GOAL OF THE EXERCISE —
In the entries that follow, the lines from the line containing "boldceo-mastermind-VIP-ticket" up to and including the line containing "Cerimônia chinesa do chá" must be copied exactly, with pictures omitted.

DATASET ENTRIES —
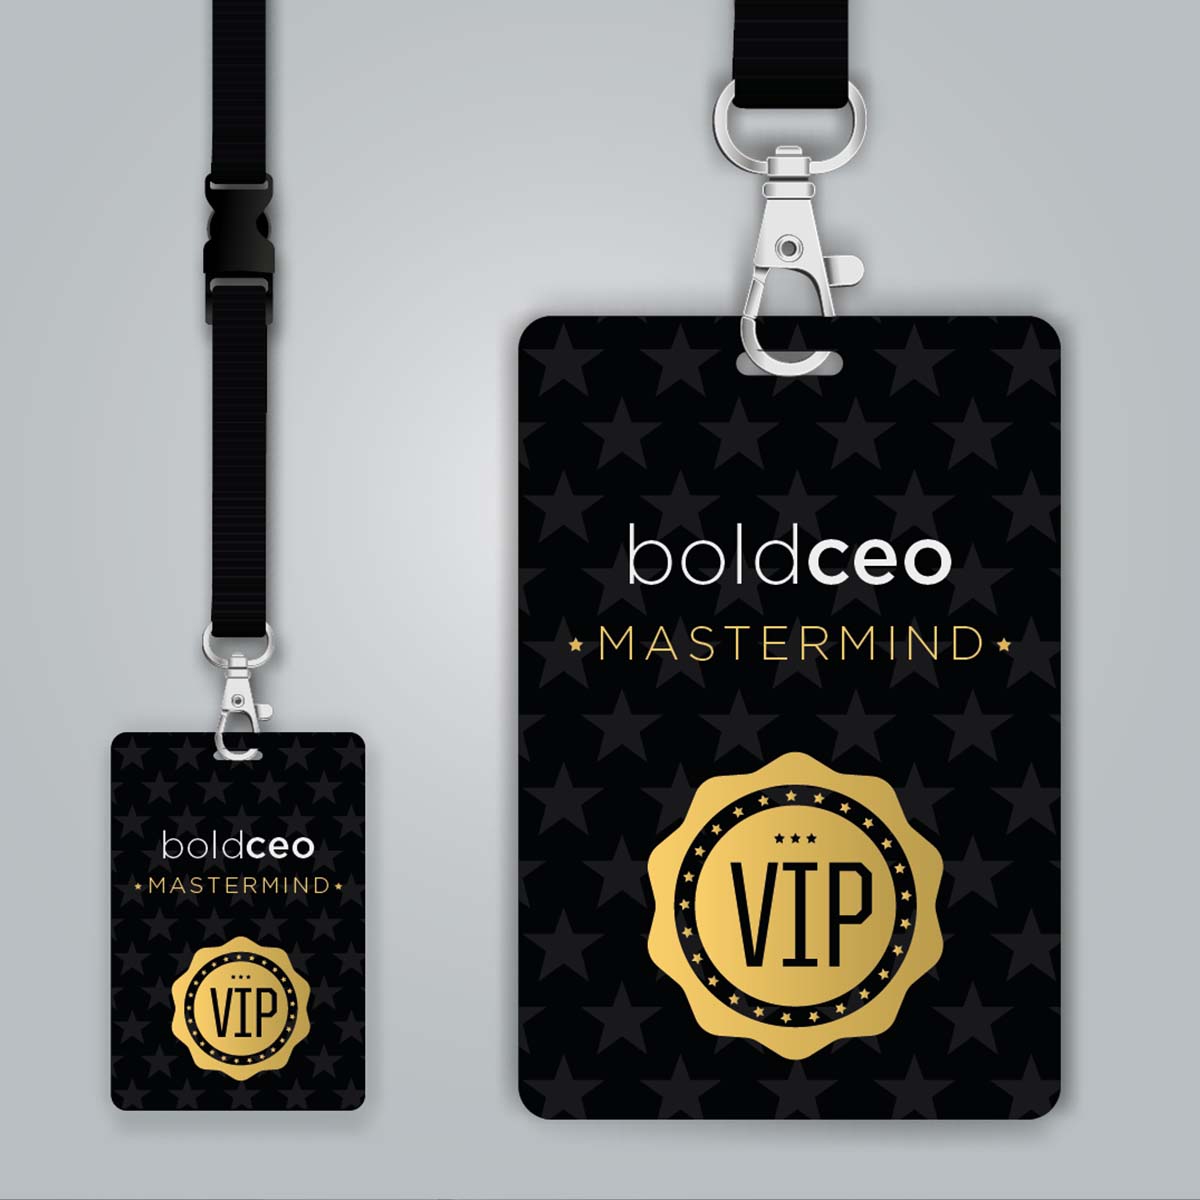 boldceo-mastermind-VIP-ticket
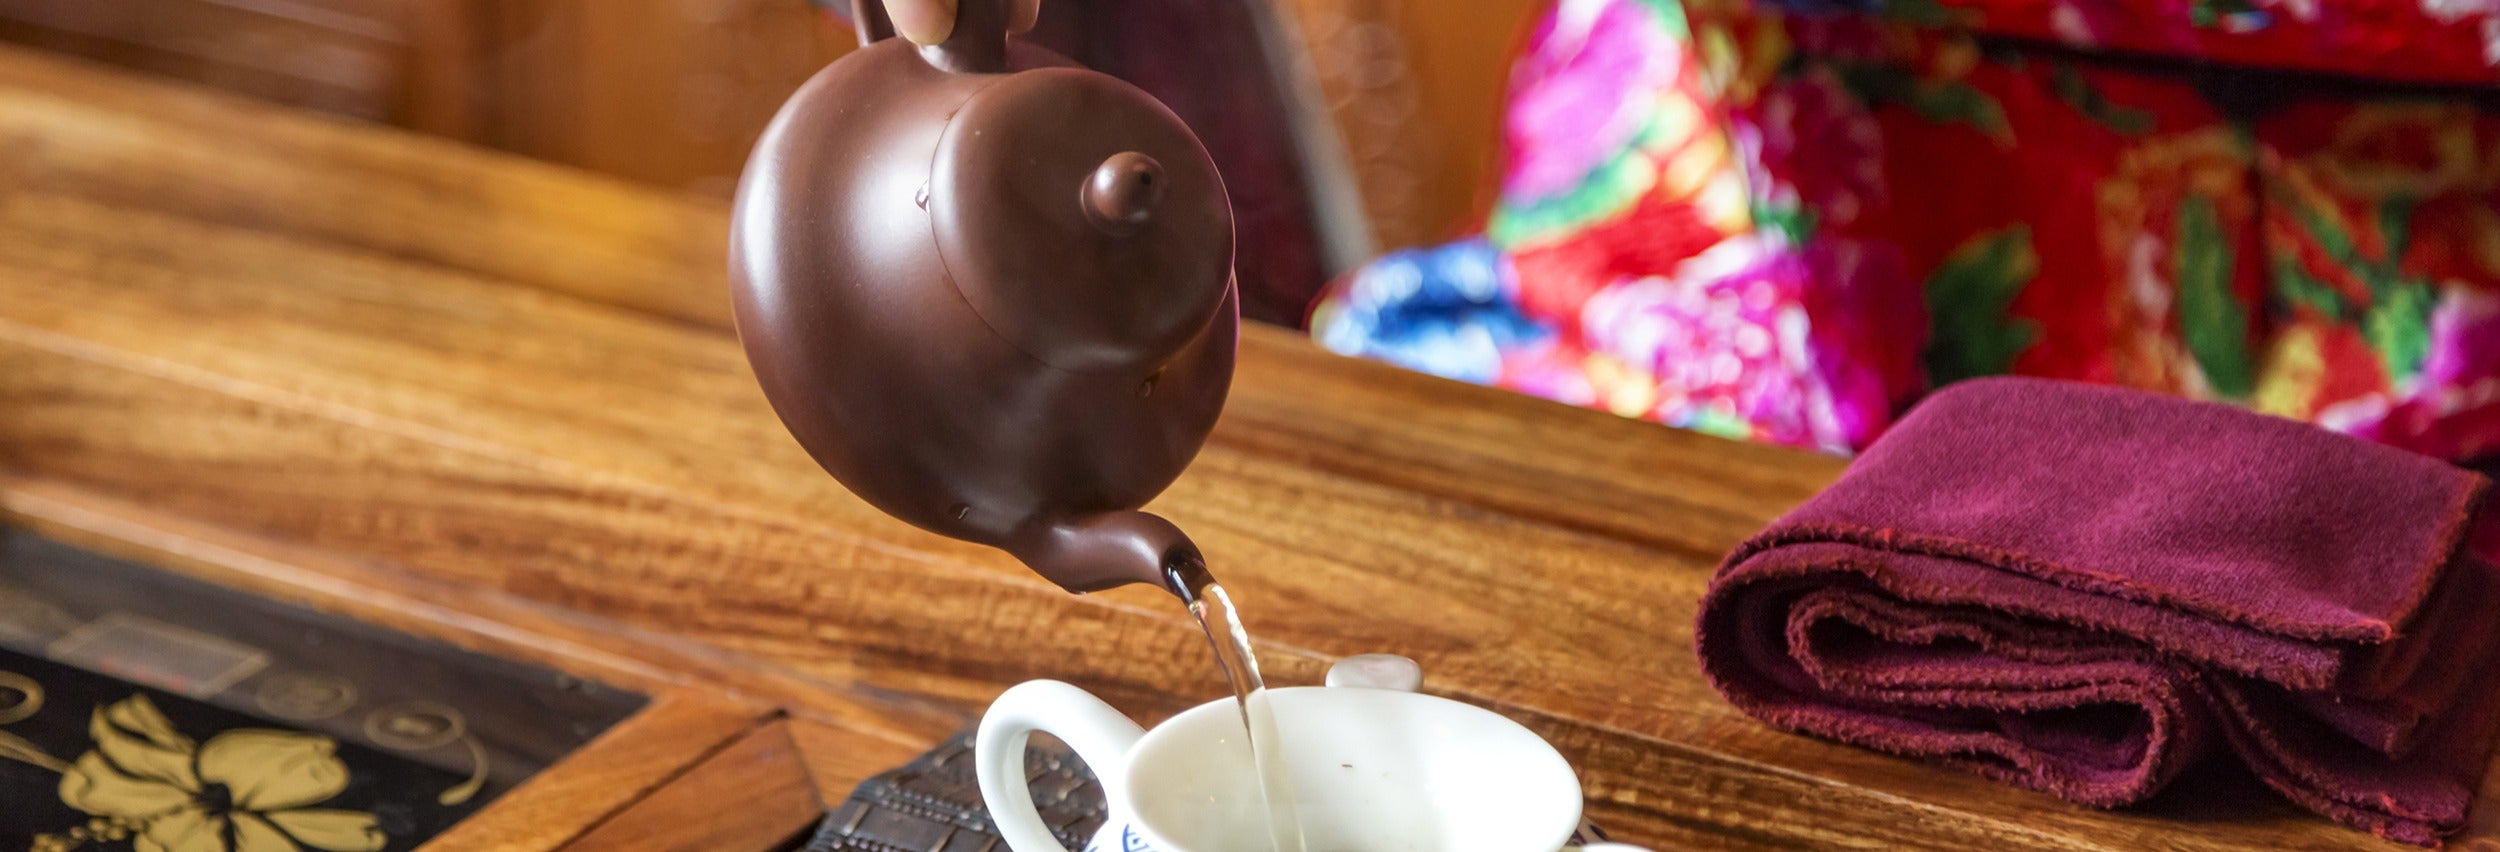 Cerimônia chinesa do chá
...
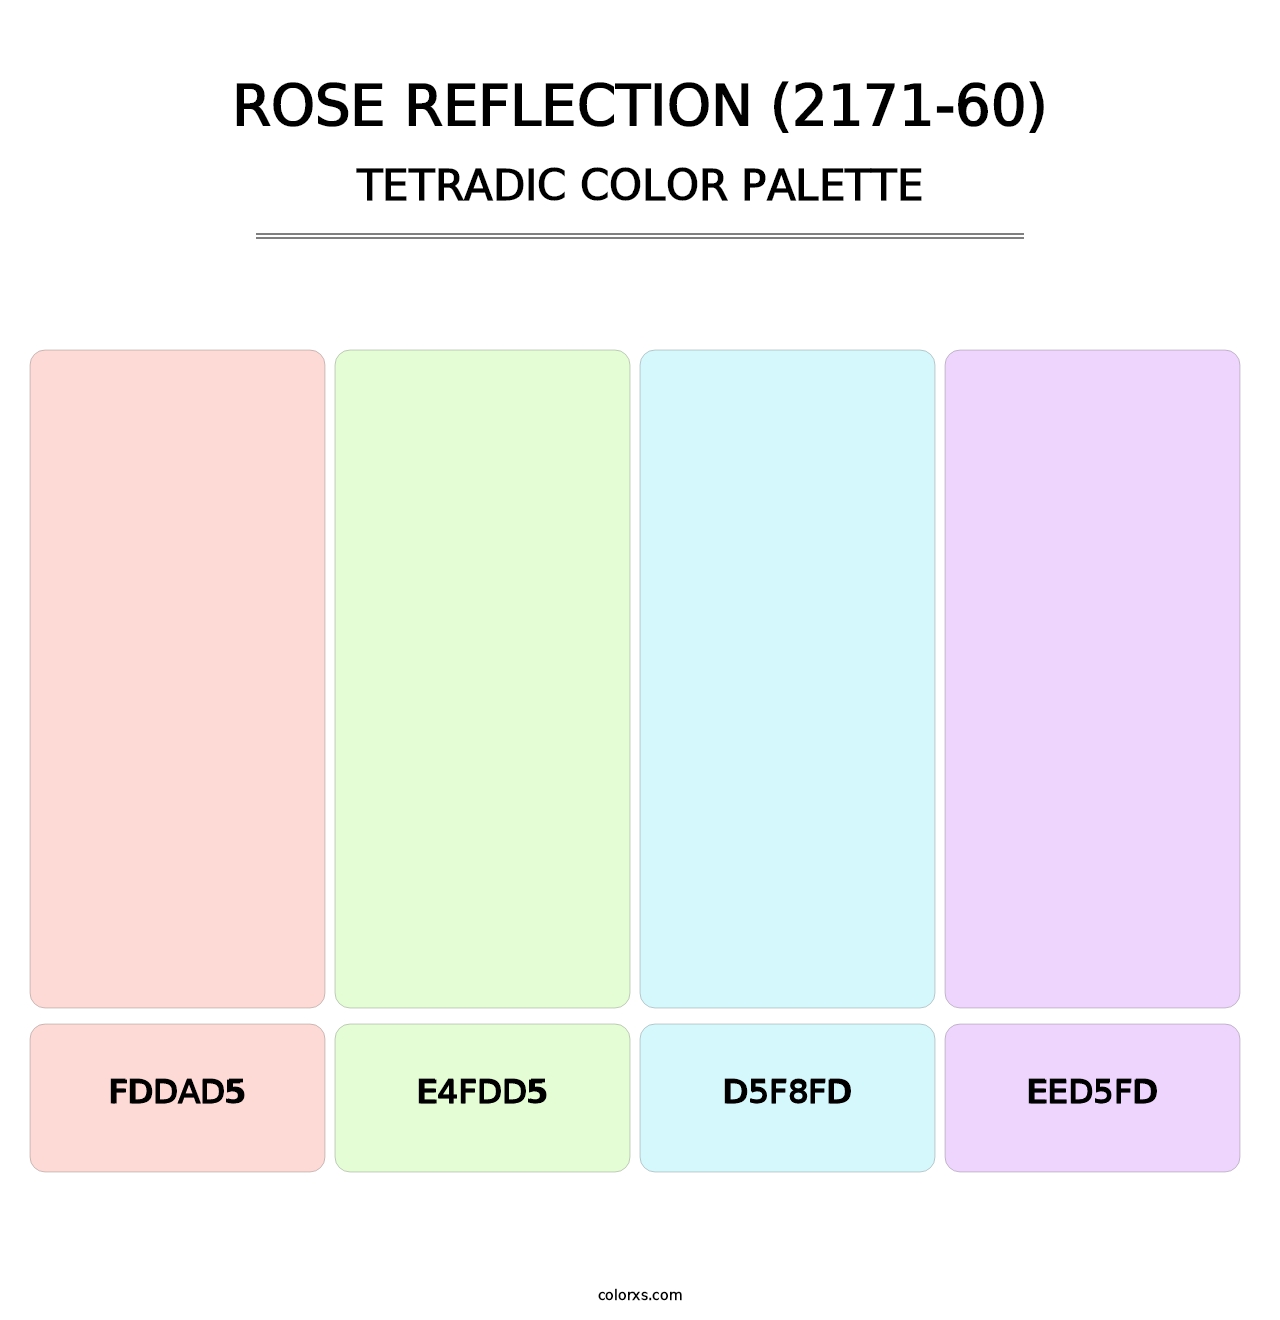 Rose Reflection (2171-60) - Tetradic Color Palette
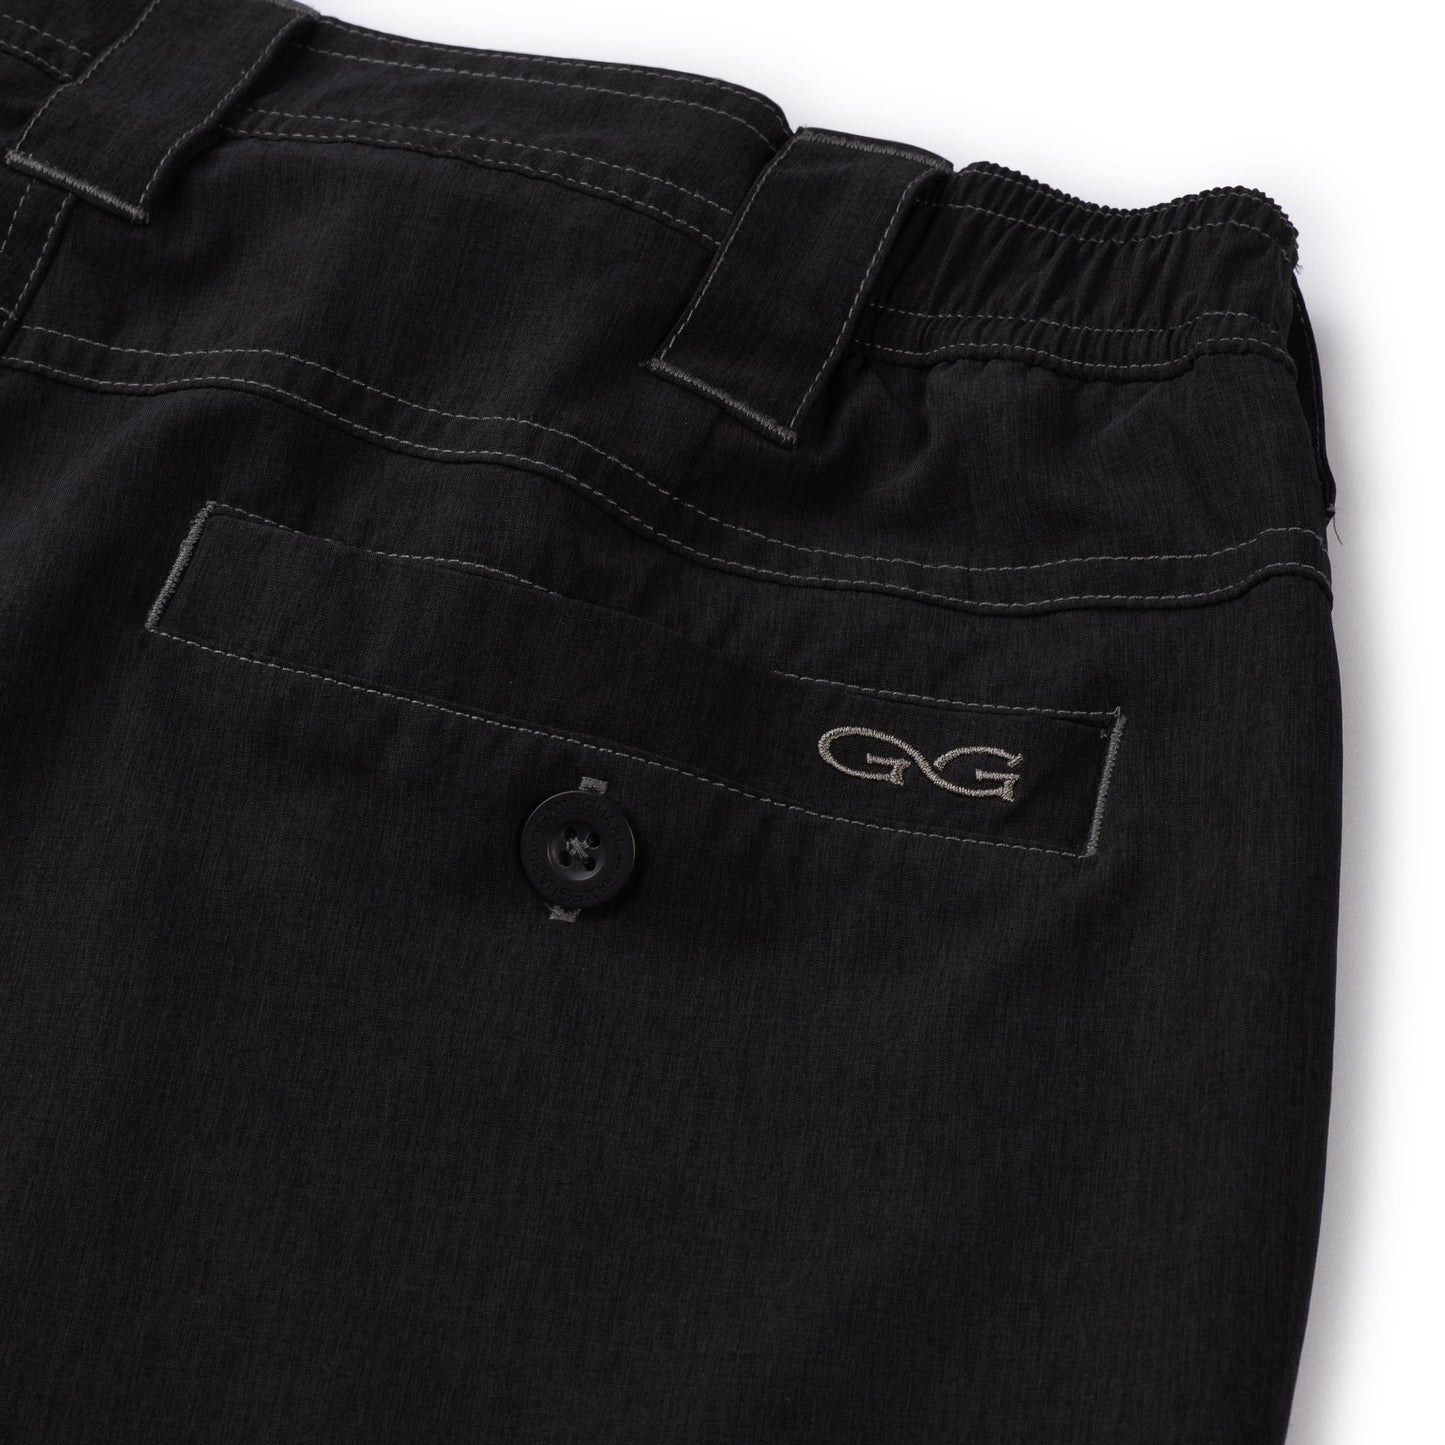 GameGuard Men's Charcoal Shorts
...
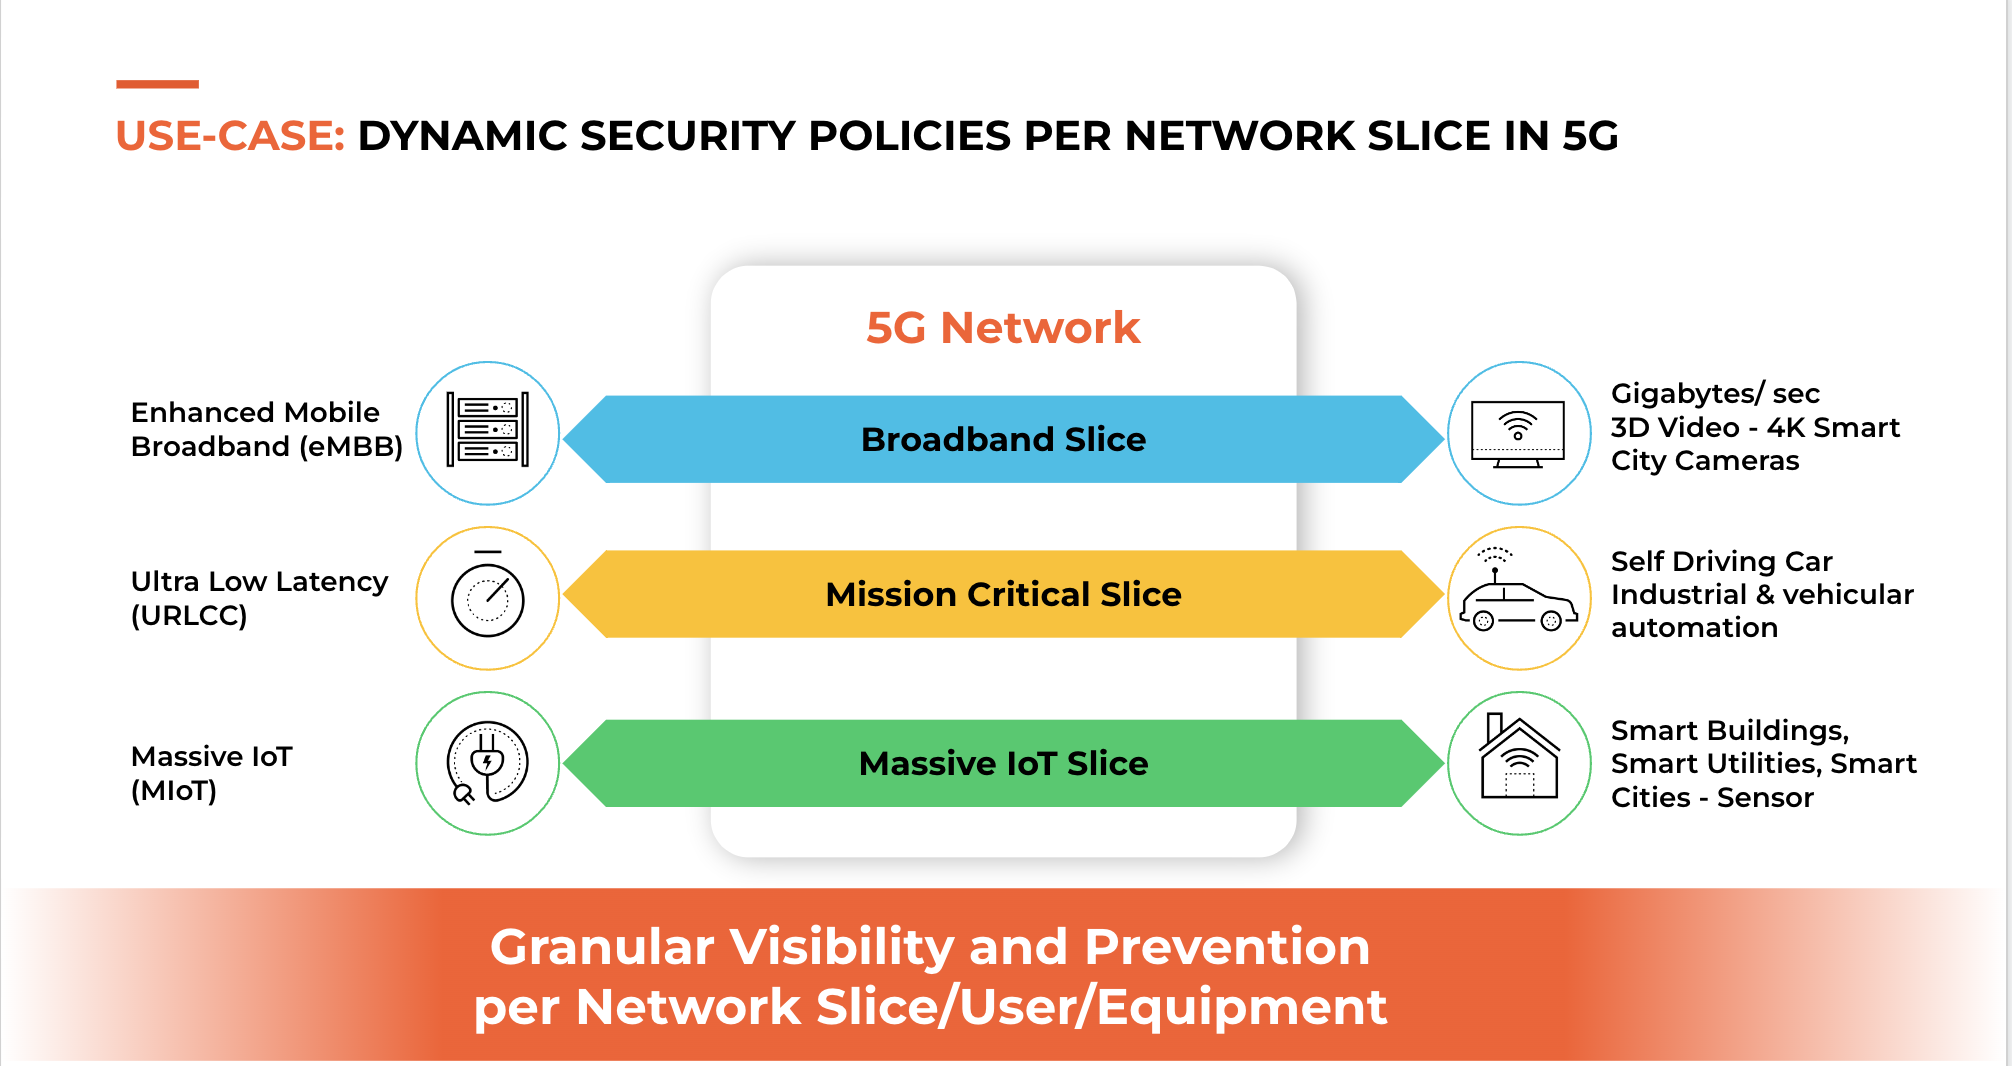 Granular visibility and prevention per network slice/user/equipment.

EXERCISE OUTPUT —
 boldceo-mastermind-VIP-ticket
 Cerimônia chinesa do chá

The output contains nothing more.